### Dataset excerpt
>>>

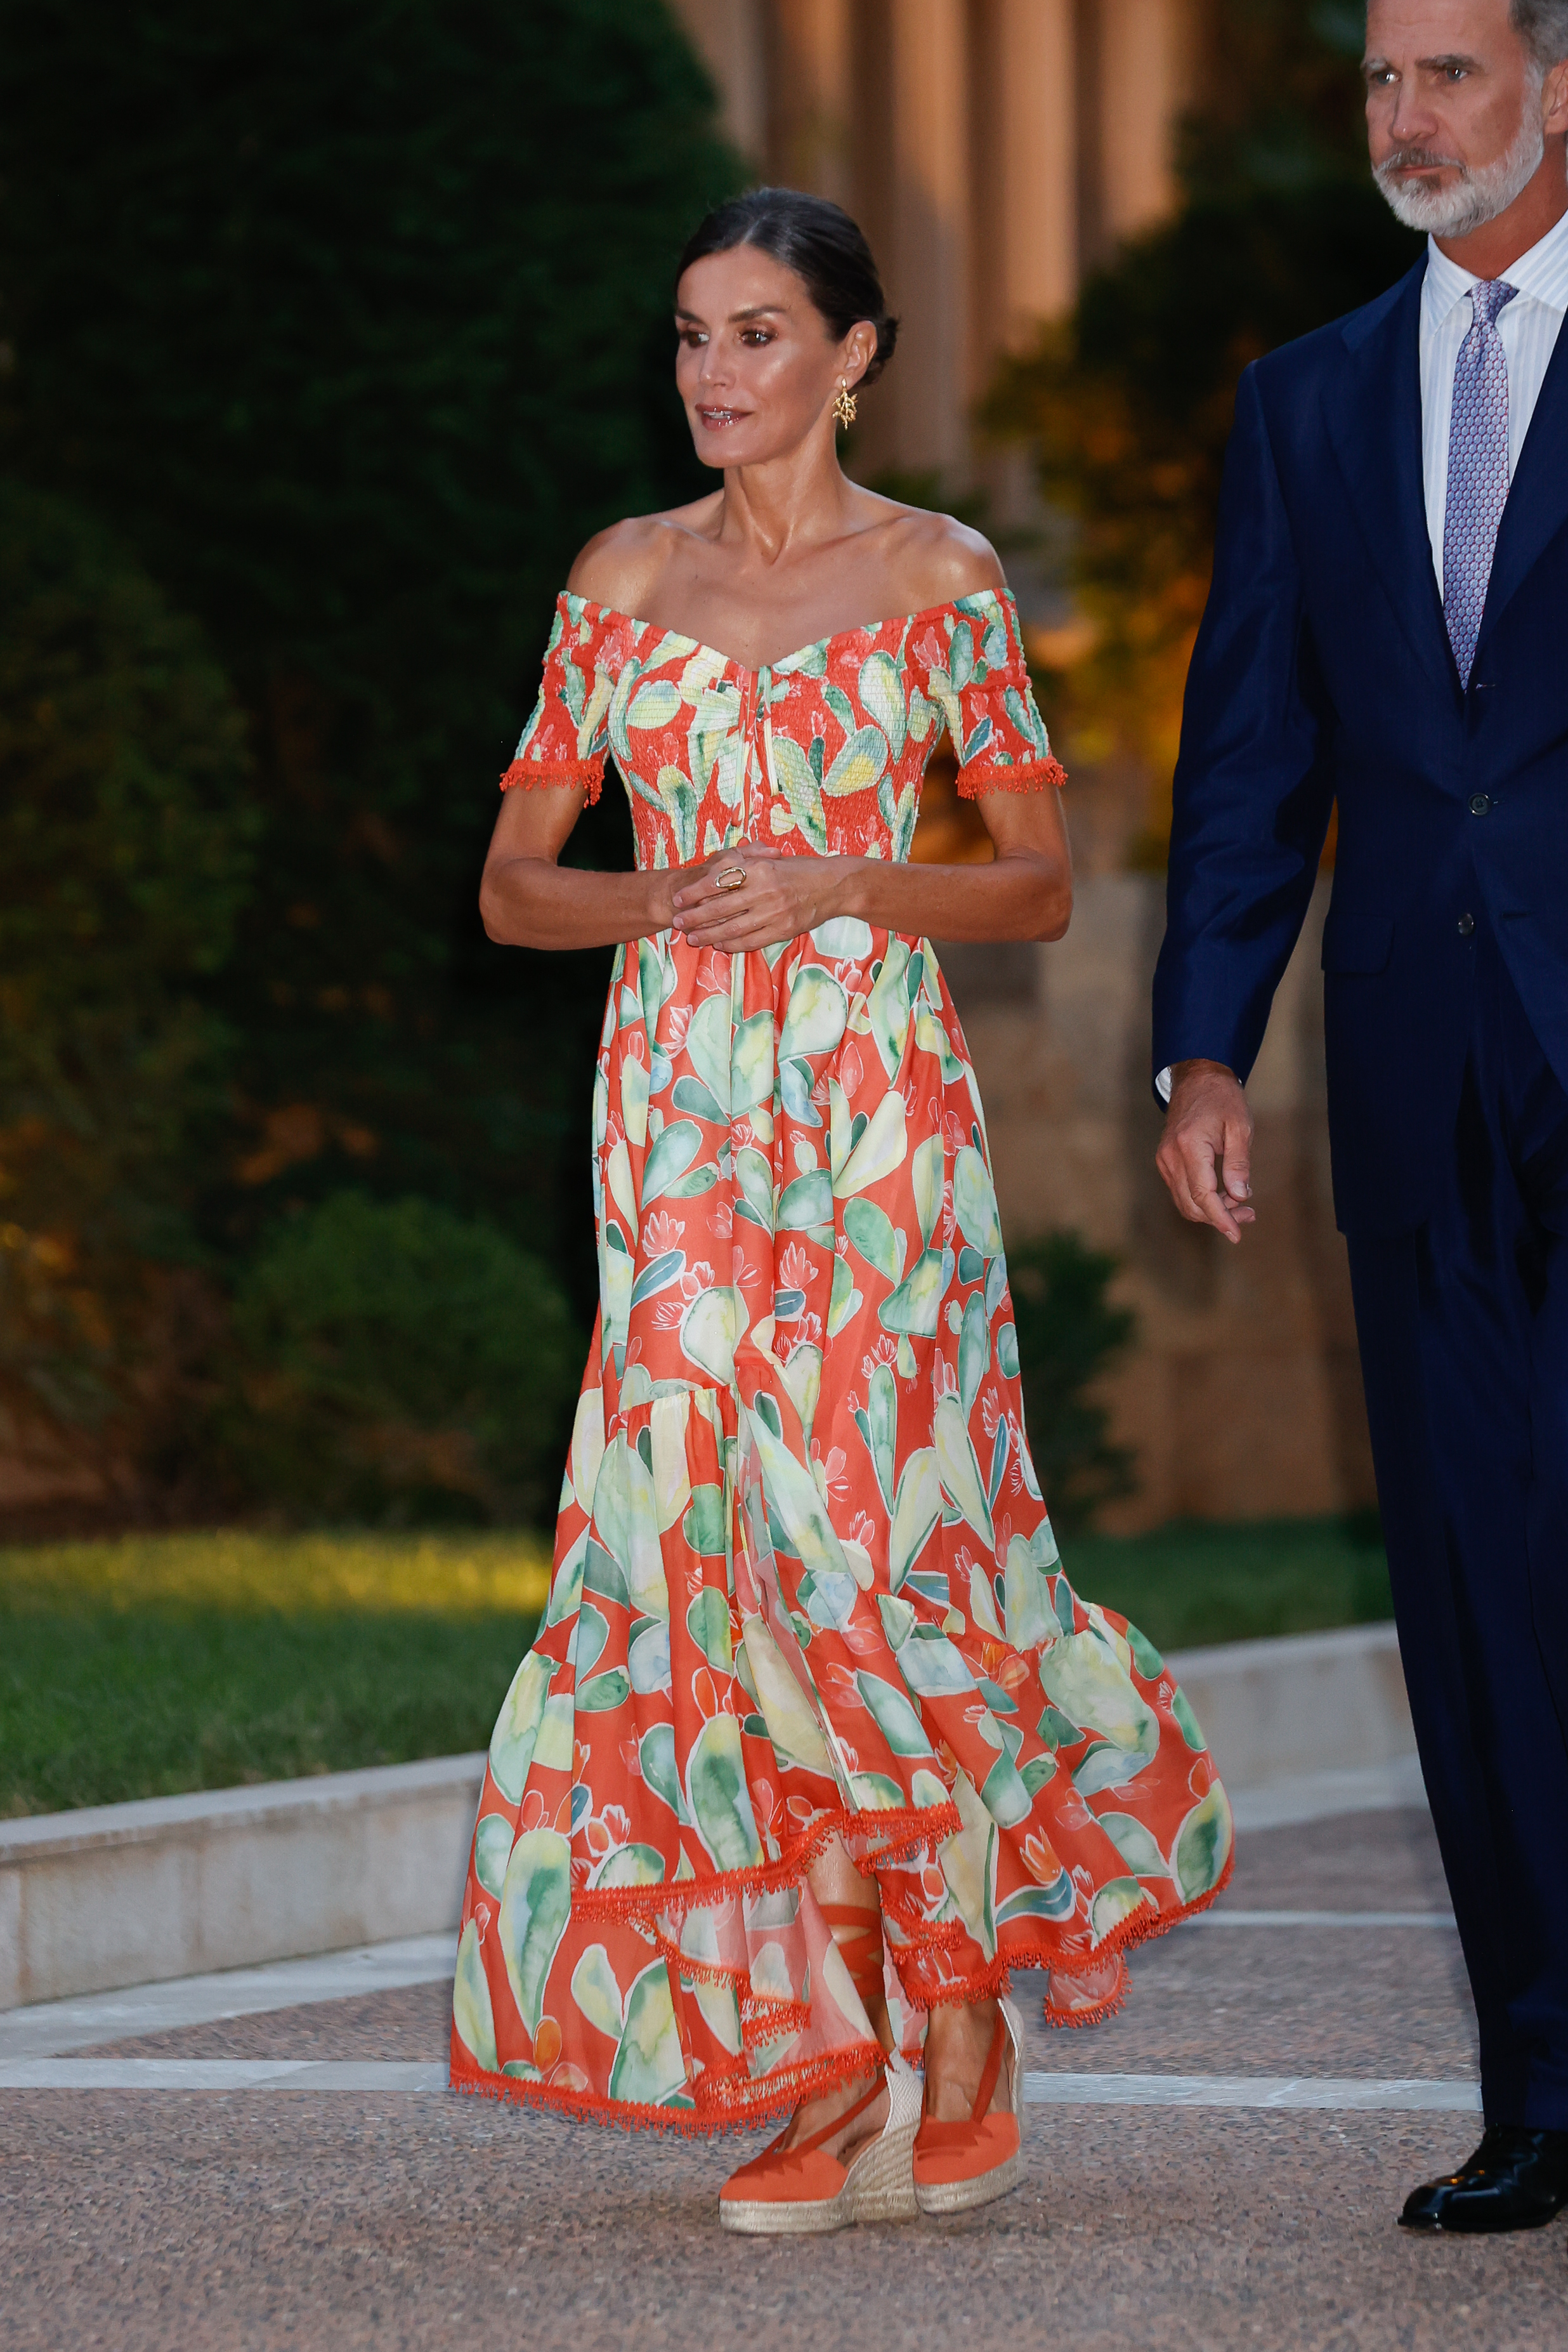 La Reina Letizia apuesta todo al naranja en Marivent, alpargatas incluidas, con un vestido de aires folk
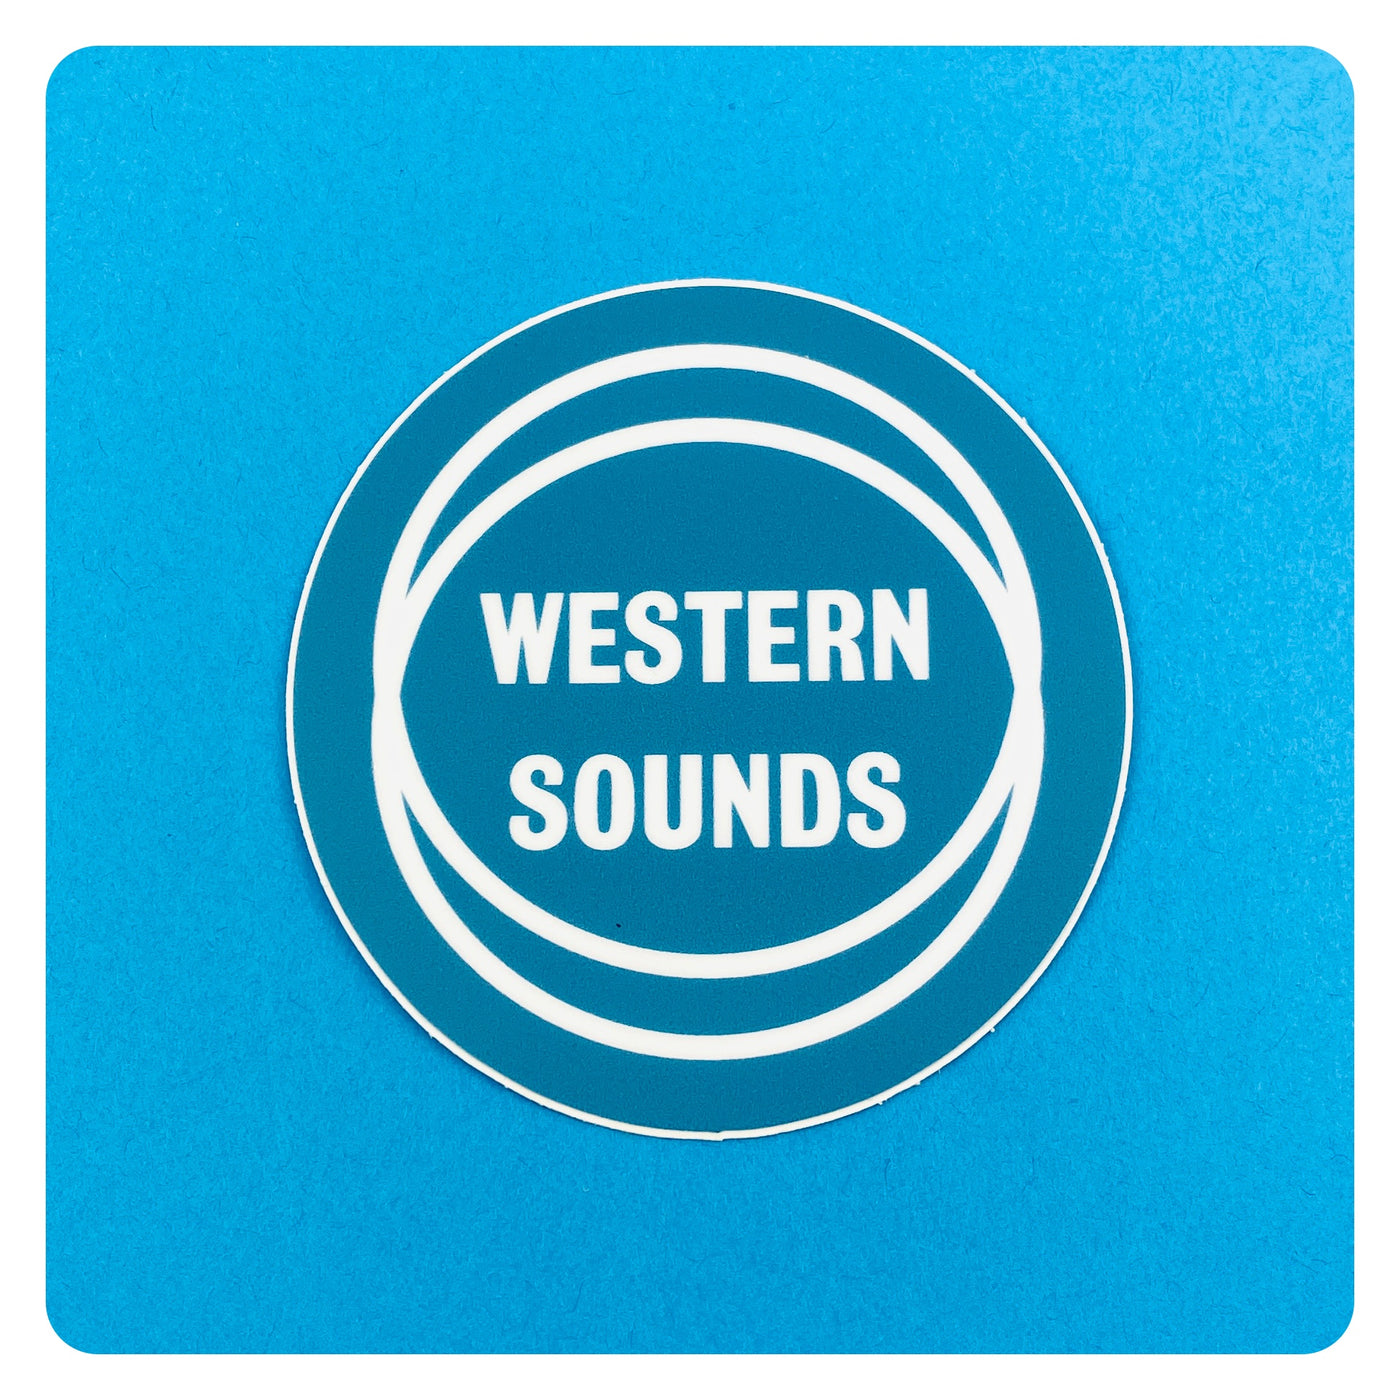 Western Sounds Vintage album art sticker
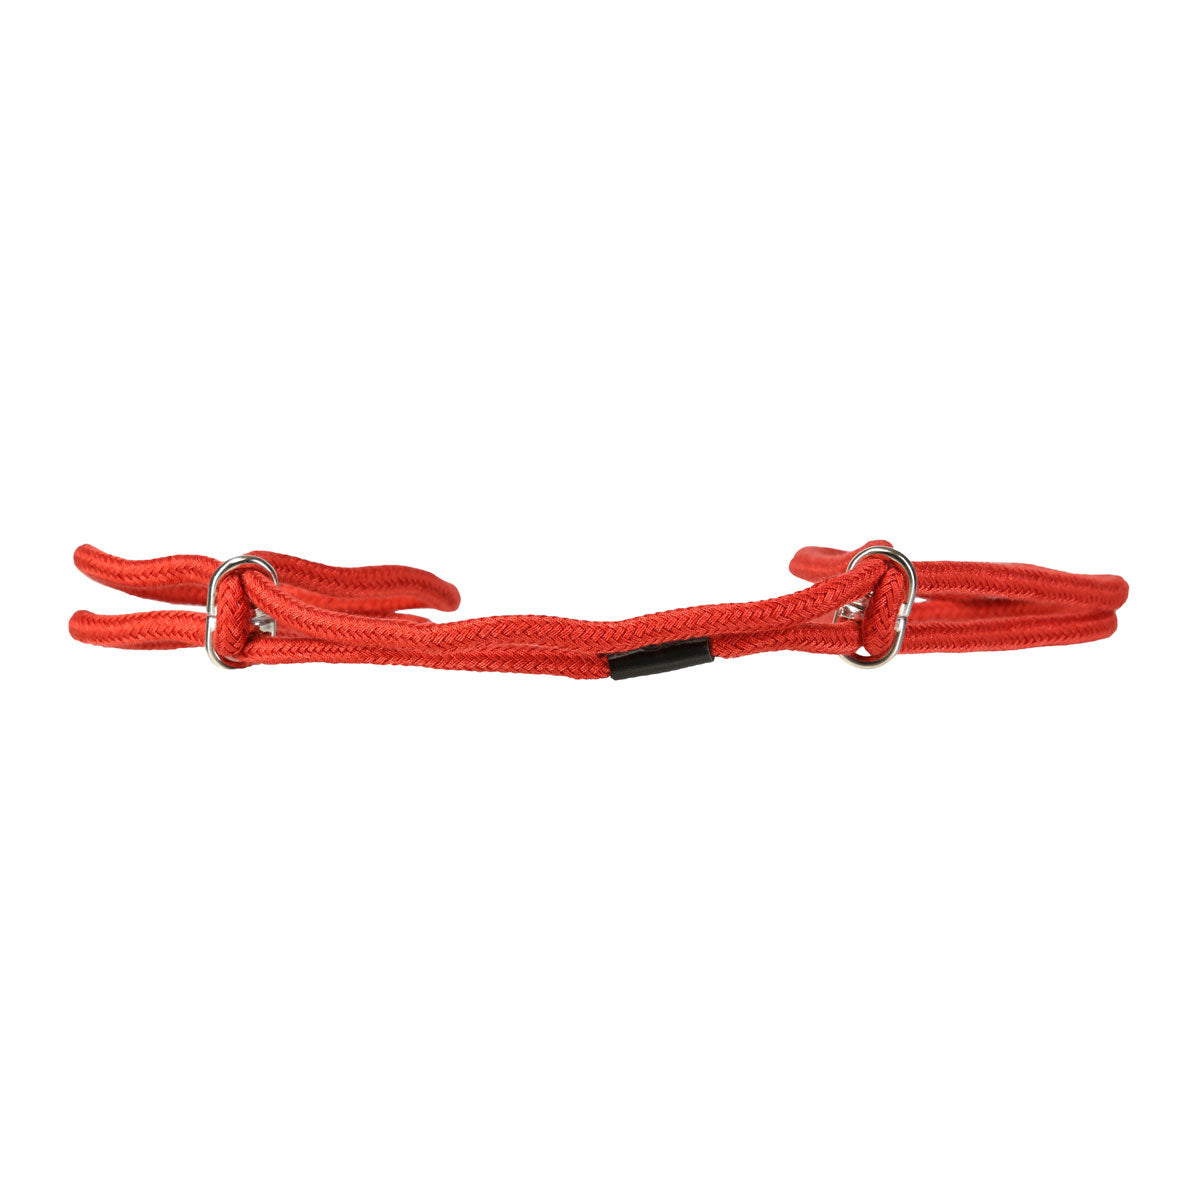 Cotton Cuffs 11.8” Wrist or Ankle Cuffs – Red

<<<

### Action item
Your copy must begin at the line containing "Western Sounds Vintage album art sticker" and end at the last line of the material above. Reproduce each line exactly, but not the pictures.

### Solution below
 Western Sounds Vintage album art sticker
 Cotton Cuffs 11.8” Wrist or Ankle Cuffs – Red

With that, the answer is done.